At the same time “blacks were excluded from most major construction unions.”3 And the prevailing wage laws did what their backers wanted them to do: They kept blacks from getting jobs and skills to advance in the job market. In practice,
the act’s wage and work jurisdiction requirements make it costly for non-union shops to hire and train unskilled workers, because they had to pay workers wages and benefits that exceed worker productivity. Initially, the act’s regulations did not make a distinction between unskilled and skilled workers unless the former were members of a union apprenticeship program. As a result, contractors were forced to pay a worker who was not a member of such a program the same wage as a skilled worker. 3
Still today, this ensures, said Williams, quoting Ralph C. Thomas, the executive director of the National Association of Minority Contractors, “that a contractor has ‘no choice but to hire skilled tradesmen, the majority of which are majority .... Davis-Bacon ... closes the door in such an activity in an industry most capable of employing the largest numbers of minorities.’”3
The repercussions of such laws are real and tragic, as, again, pointed out by Williams.
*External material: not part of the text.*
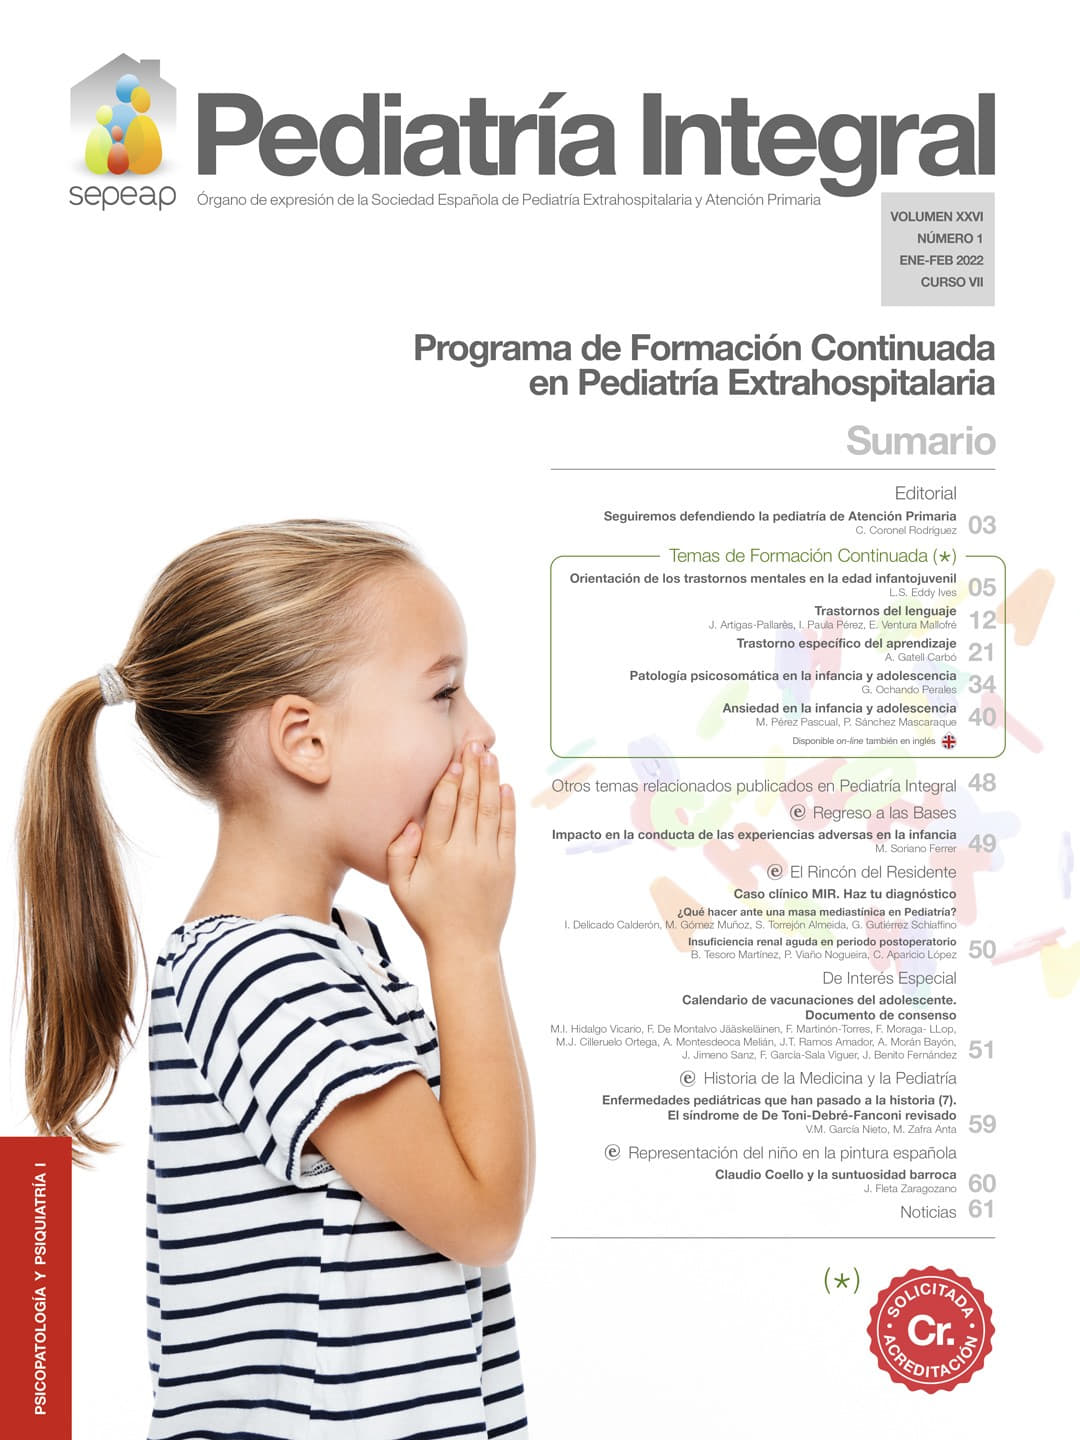 Pediatría Integral Psicopatología y Psiquiatría I

The director of one
Chicago-based social service organization ... found that Davis-Bacon adds as much as 25 percent to her housing renovation costs. It frequently prevents her from hiring the low-income, low-skills residents to do rehabilitation work in the housing project in which they live.
Elzie Higginbottom builds low-income housing in Chicago ... says, “I’ve got to start out a guy at $16 an hour to find out if he knows how to dig a hole. I can’t do that.” As a result he is prevented from hiring unskilled local blacks.
Ralph L. Jones ... manages housing projects for HUD. when Jones decided to repair 200 dilapidated units, he planned to employ unskilled residents, at $5 an hour, to pull out unsalvageable parts of the building and later to assist skilled craftsmen in restoring the property. However the Davis-Bacon Act required that he pay laborers $14 an hour. He was forced to hire only skilled laborers, very few of whom were blacks or residents of the project.3
Davis-Bacon also has hefty government paperwork requirements, which give advantages to large union shops that can afford lawyers over small non-union shops that can’t, penalizing black small businesses.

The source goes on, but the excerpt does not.